Check with: db.orders.aggregate([{ $indexStats: {} }])
Remove unused indexes to improve write performance
Step 4: Review Population Patterns
The agent audits .populate() usage for performance:
Population Analysis:
FAIL: Deep population chain detected
Order.findById(id)
.populate("user")
.populate("items.product")
.populate("items.product.category")
.populate("items.product.reviews")
.populate("shippingAddress")
This generates 5+ additional MongoDB queries per request
For a list of 20 orders: 100+ database round trips
FIX: Use aggregation pipeline with $lookup for controlled joins:
Order.aggregate([
{ $match: { _id: ObjectId(id) } },
{ $lookup: { from: "users", localField: "user", foreignField: "_id", as: "user" } },
{ $unwind: "$user" },
])
OR: Denormalize frequently accessed fields into the order document
FAIL: Population inside a loop
const orders = await Order.find({ userId });
for (const order of orders) {
await order.populate("items.product"); // N+1 query!
}
FIX: Populate in the initial query:
Order.find({ userId }).populate("items.product")
WARN: Population without field selection
User.findById(id).populate("posts")
Loads ALL fields of ALL posts — potentially megabytes of data
FIX: Select only needed fields:
.populate({ path: "posts", select: "title createdAt -_id" })
AND: Limit results:
.populate({ path: "posts", options: { limit: 10, sort: { createdAt: -1 } } })

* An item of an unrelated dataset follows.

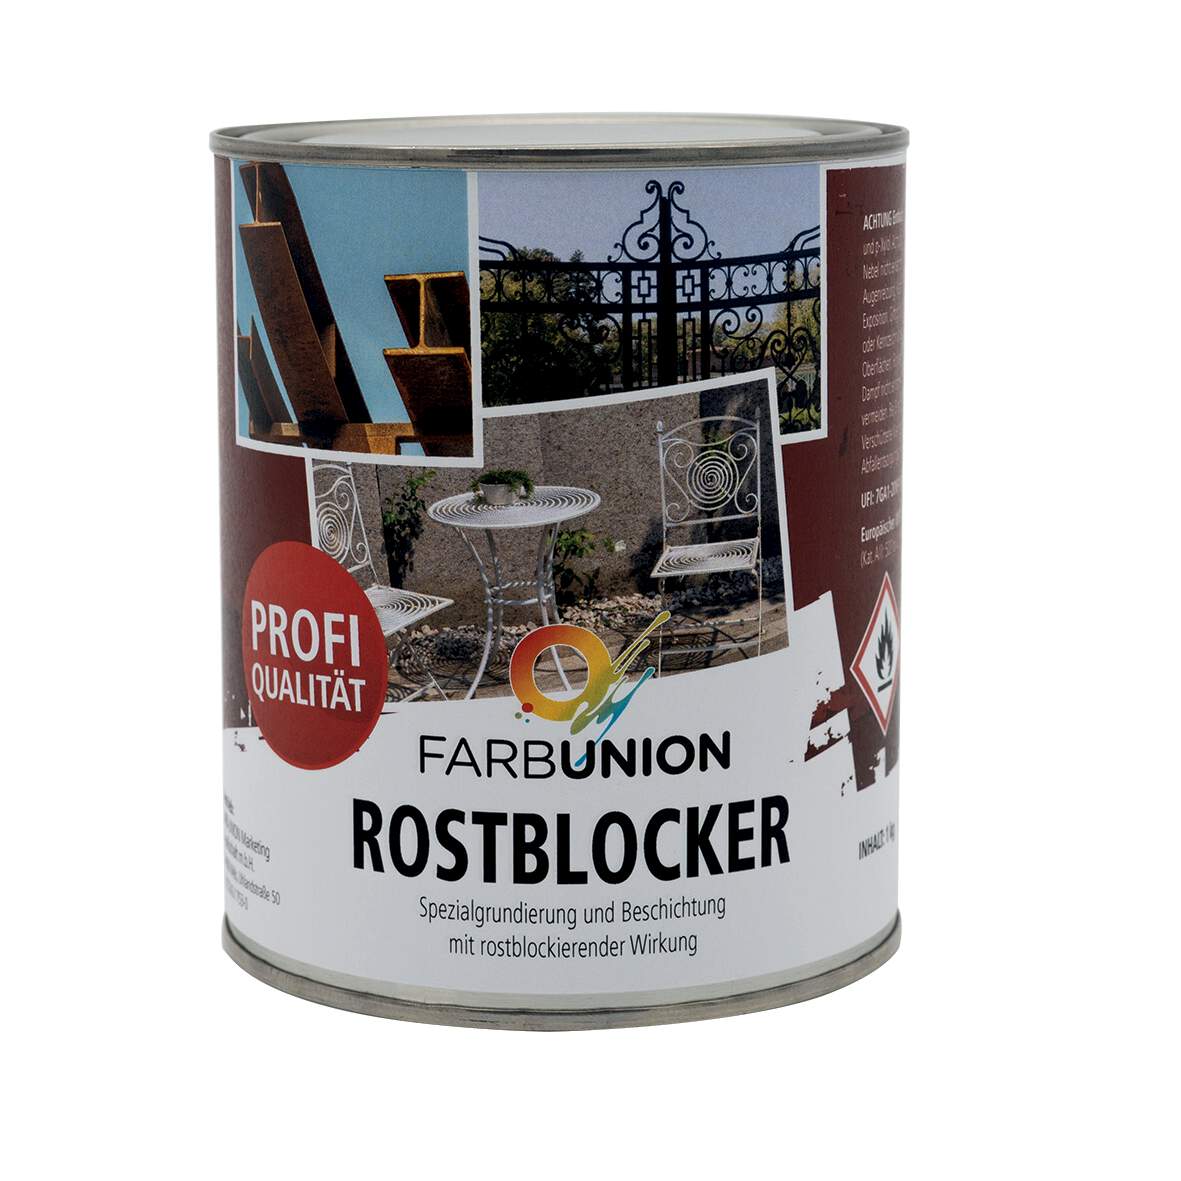 1256869 - Rostblocker rotbraun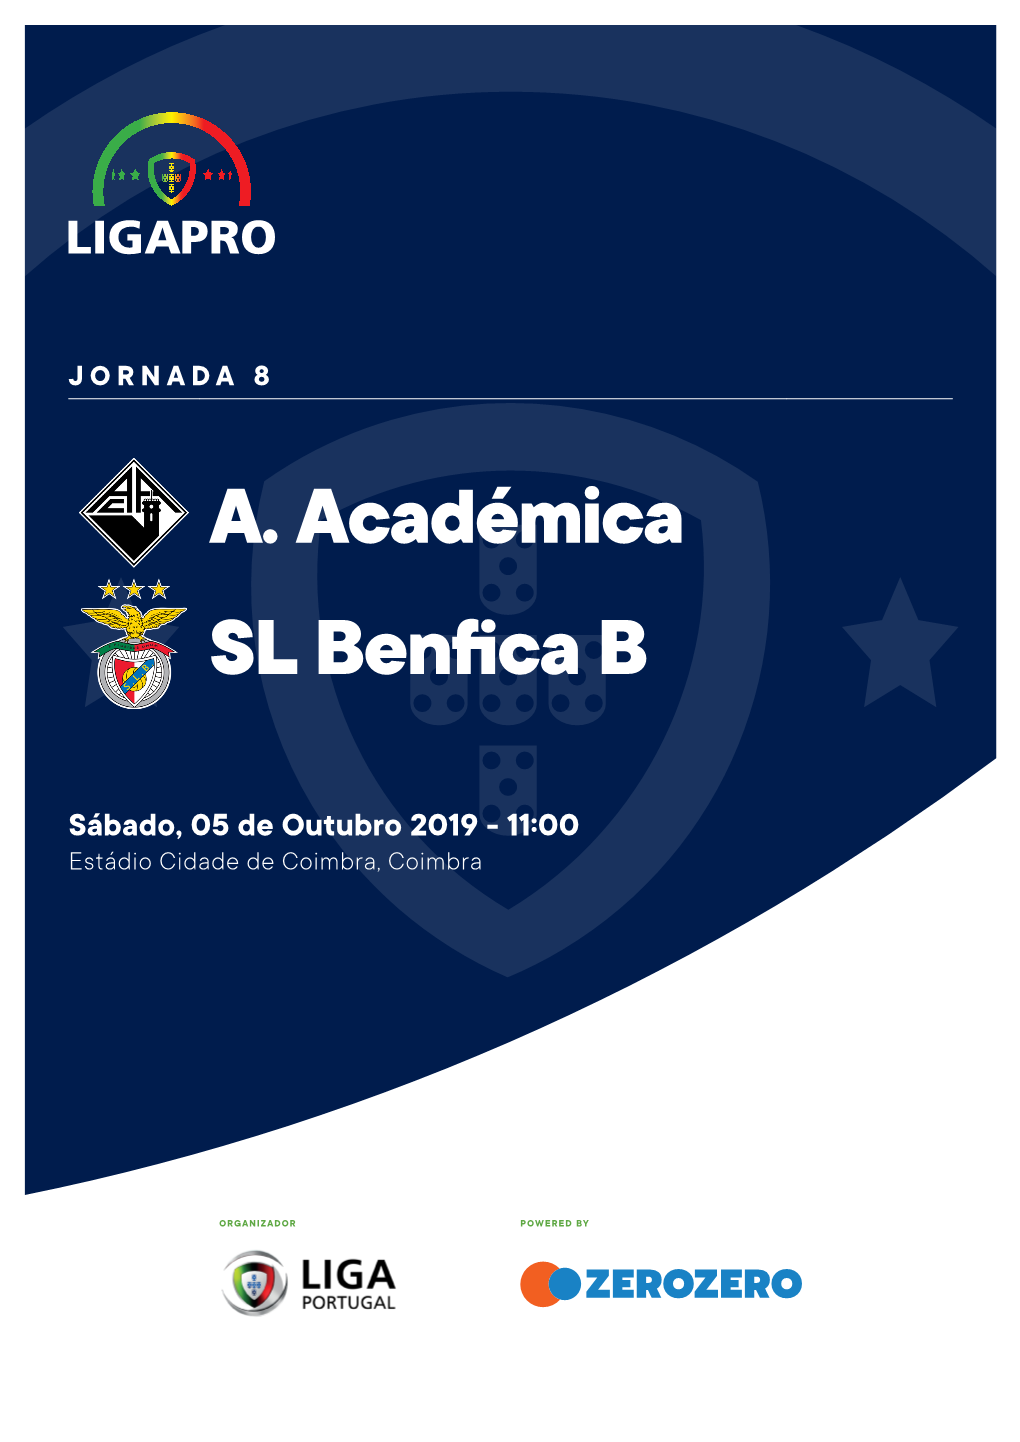 A. Académica SL Benfica B

WARN: Circular population possible
User -> posts (populate) -> author (populate) -> posts ...
RISK: No built-in depth limit — can cause infinite recursion
FIX: Use maxDepth option or explicit field selection to break cycle
FAIL: Population on field without ref
commentSchema: { author: { type: String } }
Code: Comment.find().populate("author")
RISK: Silently fails — returns null for author without error
FIX: Add ref: author: { type: Schema.Types.ObjectId, ref: "User" }
Step 5: Audit Middleware Hooks
The agent checks middleware for correctness and performance:
Middleware Analysis:
FAIL: Pre-save hook with async operation and no error handling
userSchema.pre("save", async function() {
this.password = await bcrypt.hash(this.password, 10);
});
PROBLEMS:
1. Hashes password on EVERY save, not just when changed
2. No error handling — bcrypt failure silently corrupts data
FIX:
userSchema.pre("save", async function() {
if (!this.isModified("password")) return;
try {
this.password = await bcrypt.hash(this.password, 12);
} catch (err) {
throw new Error("Password hashing failed");
}
});
FAIL: Pre-save hook not triggered by findOneAndUpdate
userSchema.pre("save", function() { this.updatedAt = new Date(); });
But code uses: User.findOneAndUpdate(filter, update)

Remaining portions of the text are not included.